Le travail du sociologue Gérard Bouchard et plus récemment les ouvrages de Sean Mills et de David Austin sur la pensée postcoloniale au Québec durant les années 1960 inscrivent également les développements intellectuels de cette période dans l’important réseau de circulation d’intellectuels de l’Amérique atlantique où Montréal était un important carrefour[17]. Parmi les manifestations de cette américanité, il faut rappeler que les processus de formation des États des Amériques se font en rupture avec des Empires européens et qu’ils ont tous composé avec une importante présence autochtone qui a façonné et façonne encore le rapport à l’espace et à la culture[18]. Cette dernière dimension ne ressort cependant pas des échanges épistolaires reconstruits par Lamonde, où les Autochtones sont relégués à la marge de l’histoire. Cette autre question coloniale, où la logique de la force, de l’évangélisation et de l’assimilation opère avec une violence maintes fois décuplée, est absente des délibérations publiques reconstruites par l’historien. Pourtant, ce n’est pas faute d’y avoir occupé une certaine place. Autant chez ceux qui louaient les mérites du métissage que chez ceux qui s’efforçaient d’en nier l’importance, la question de la relation des colons et du clergé aux Premières Nations est une composante centrale de l’institutionnalisation des hiérarchies coloniales, nationales et raciales dans les Amériques[19].

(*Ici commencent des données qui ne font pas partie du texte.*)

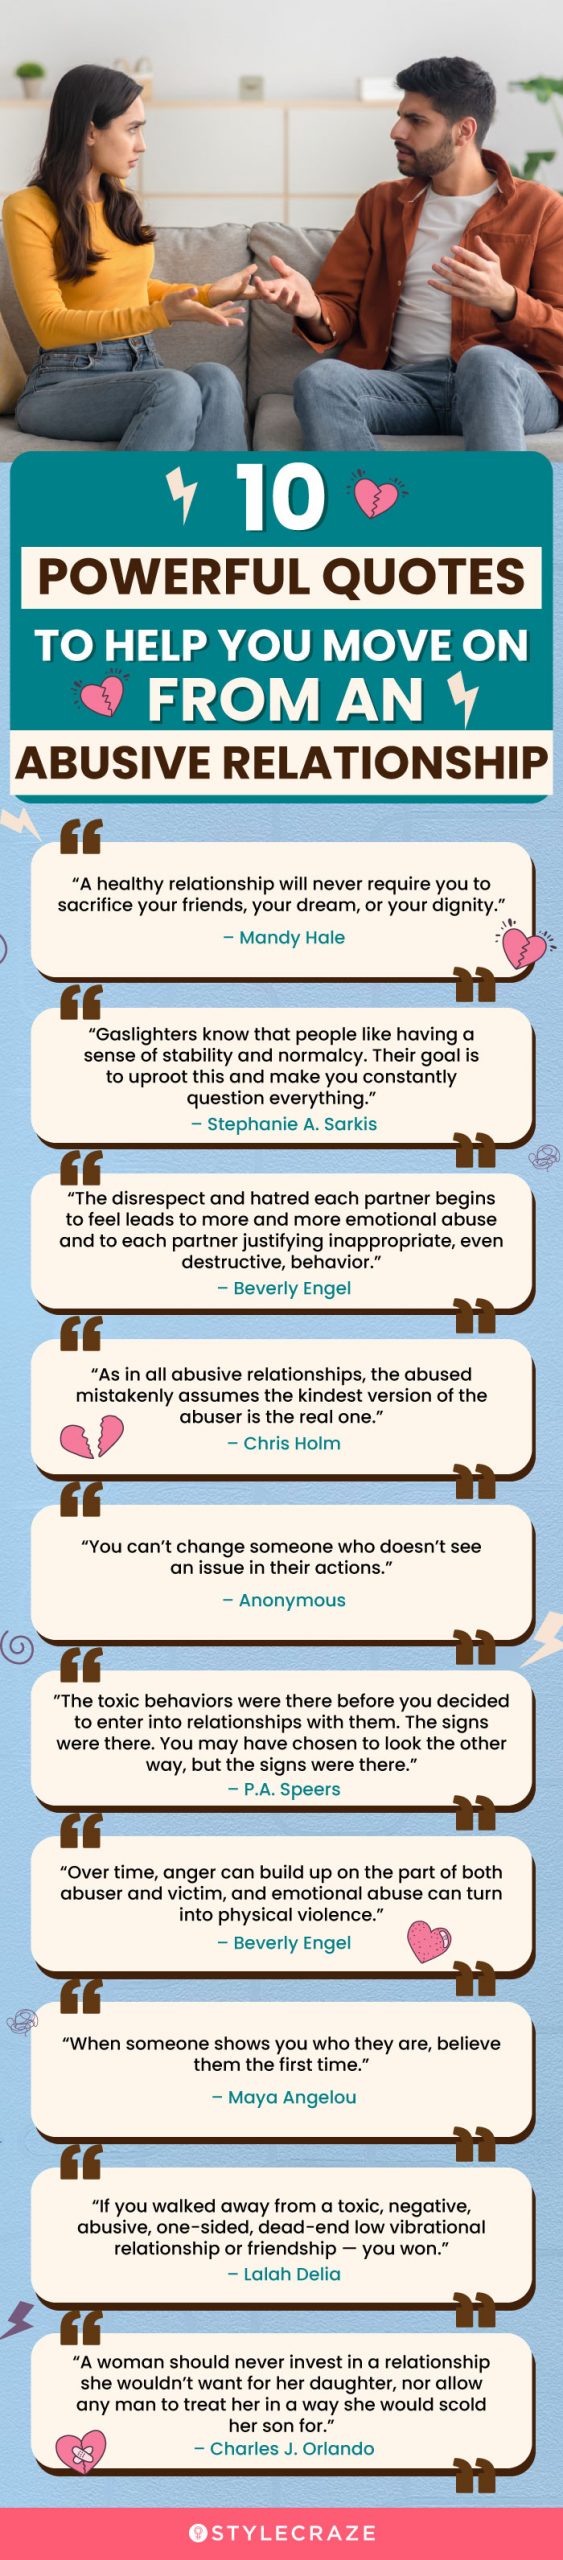 10 powerful quotes to help you move on from an abusive relationship (infographic)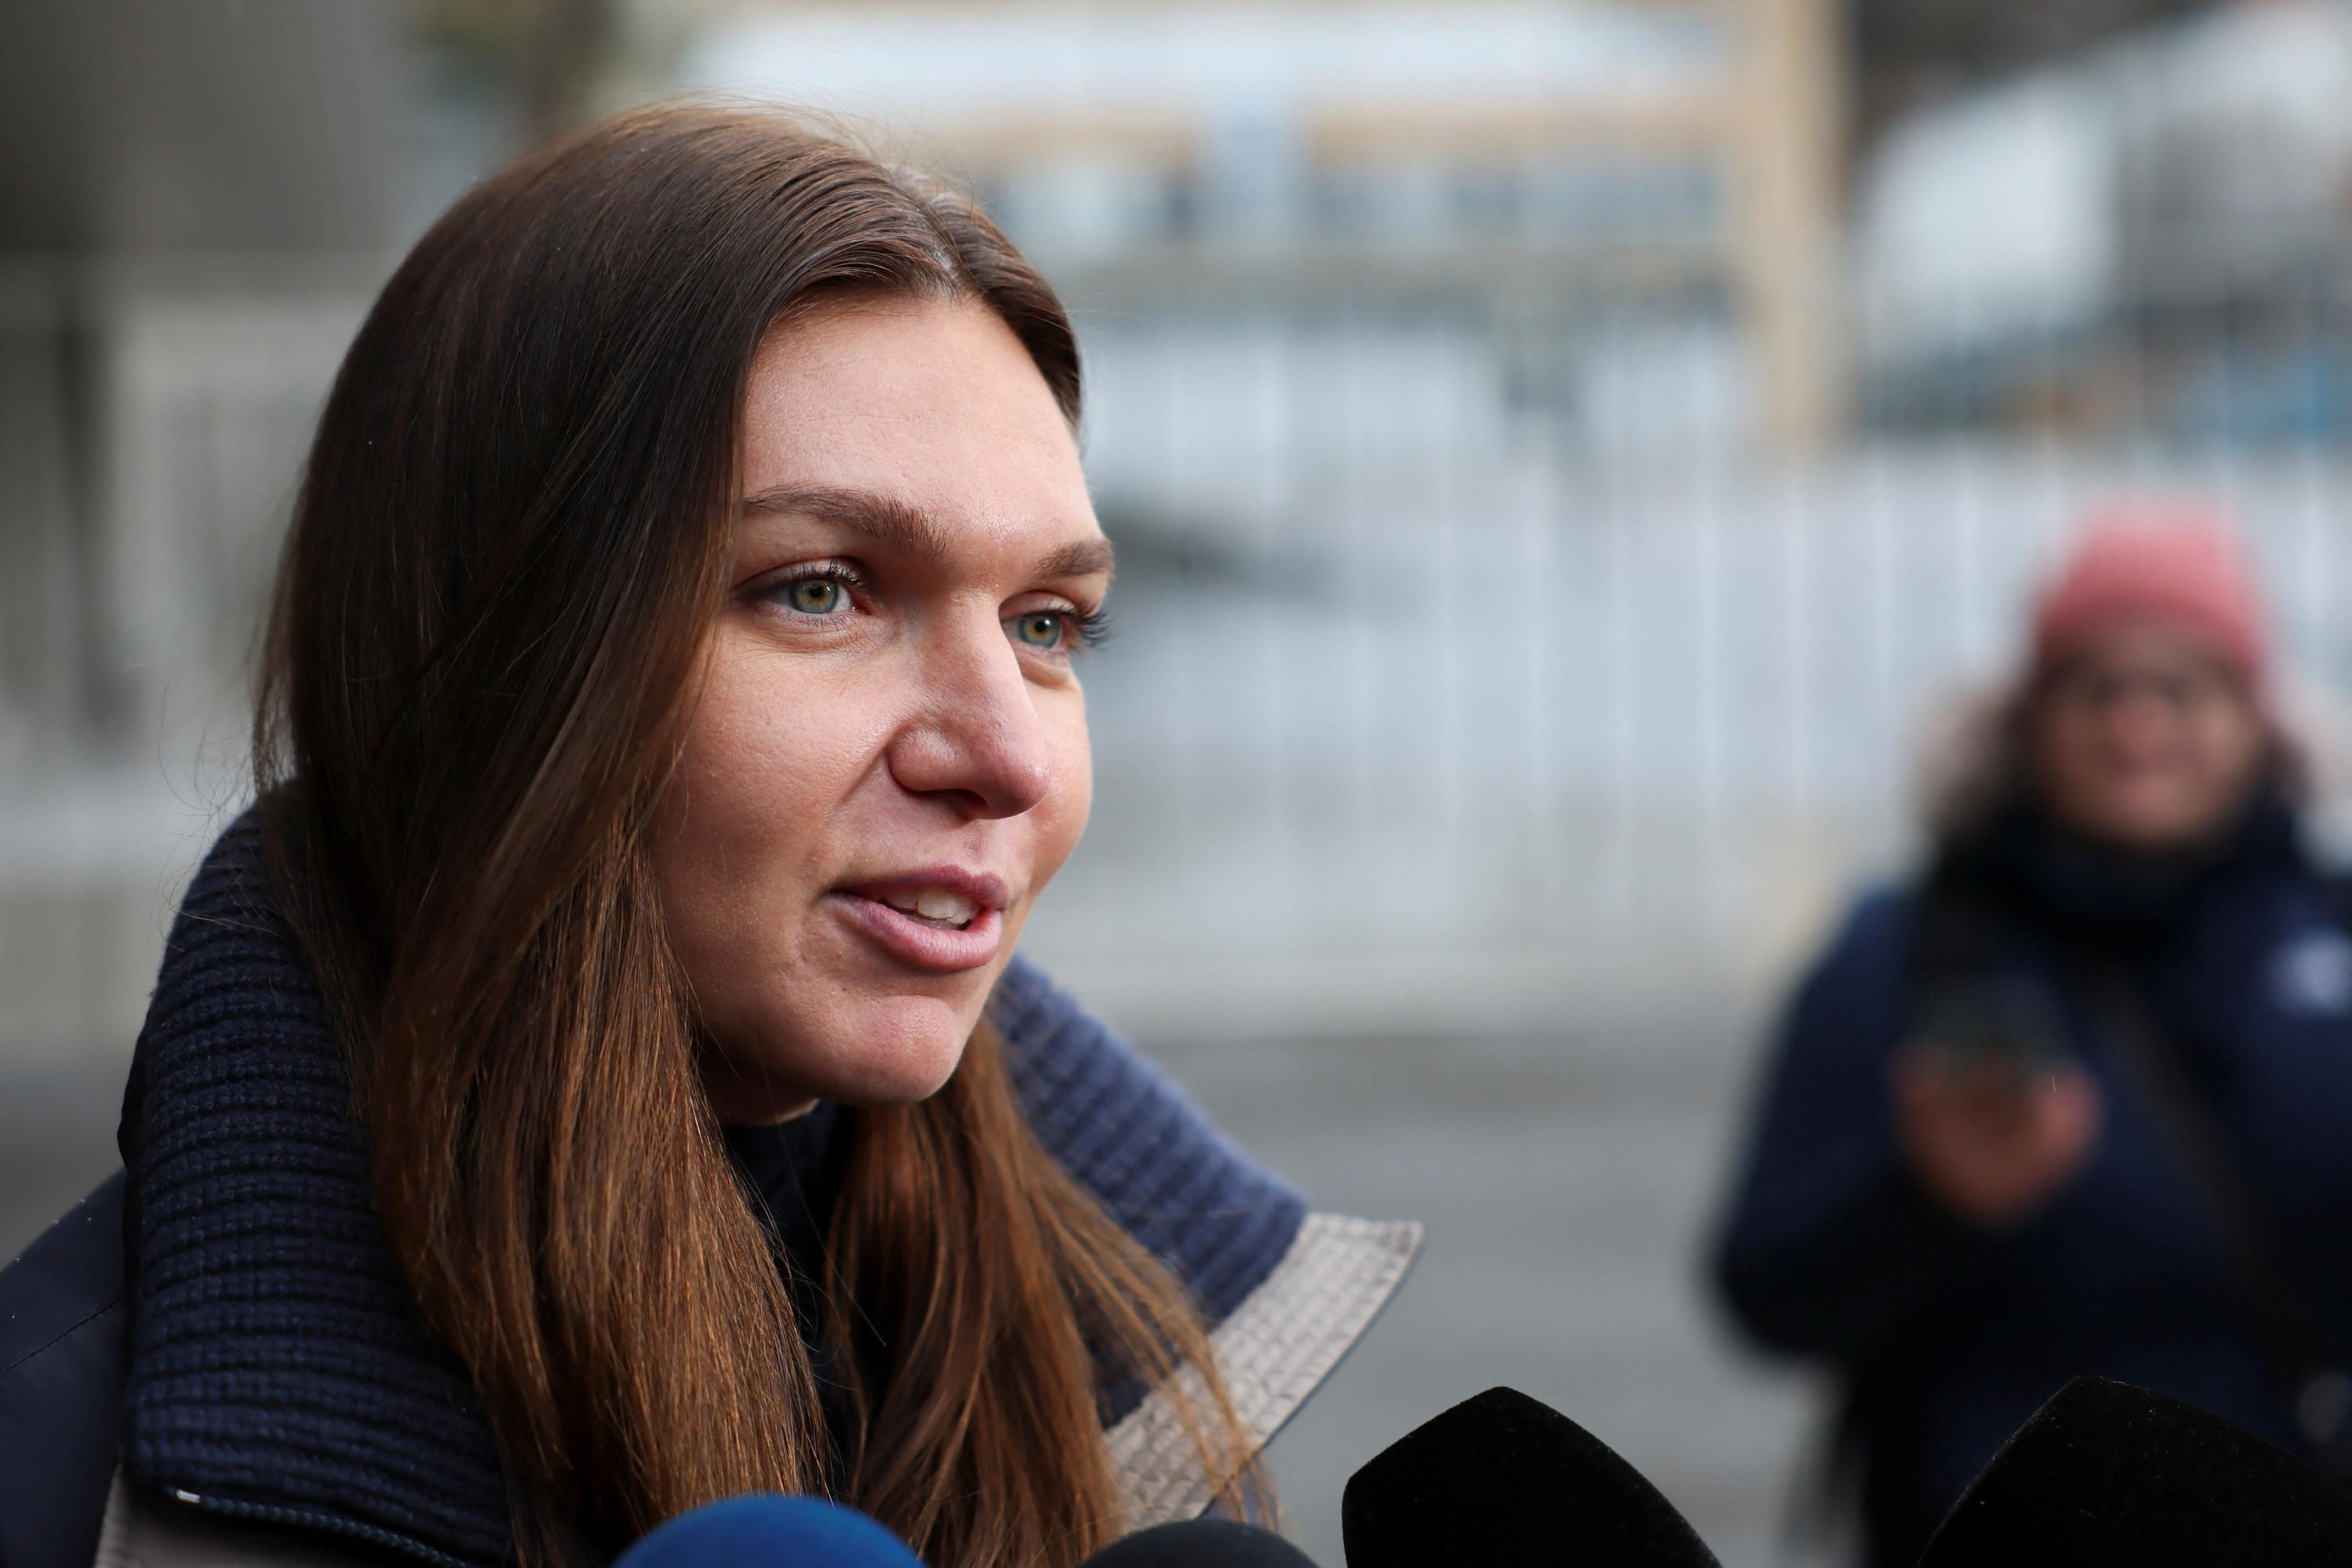 Doping: Simona Halep confident after her hearing before the CAS

L’oeuvre de Lamonde est également précieuse pour les sociologues parce qu’elle contribue à expliquer le fossé générationnel entourant la question coloniale dans le Québec actuel. Dans un contexte où une nouvelle génération de chercheurs s’intéresse aux classiques de la littérature anticoloniale, Lamonde rappelle le contexte intellectuel dans lequel une première génération d’intellectuels et de militants politiques (André Major, Paul Chamberland, Andrée Ferretti, Pierre Vallières, Jacques Ferron, Pierre Falardeau) s’est approprié l’oeuvre de Frantz Fanon, d’Albert Memmi, de Jacques Berque et d’Aimé Césaire dans les années 1960 et 1970. Puis, l’historien inscrit ce contexte dans la longue durée, ce qui situe la période de nationalisme et de libération nationale au Québec sur une trajectoire historique où elle apparaît à plusieurs égards sous le signe de la rupture, par son laïcisme et son indépendantisme revendiqué notamment[20]. Lamonde répertorie le spectre de positions et d’engagements par rapport à cette littérature et la séduction à géométrie variable qu’elle exerça sur les intellectuels de l’époque. Certains, comme Laurendeau, se méfiaient des analogies à saveurs mobilisatrices qui risquaient de dénaturer les spécificités de l’histoire coloniale au Québec et au Canada.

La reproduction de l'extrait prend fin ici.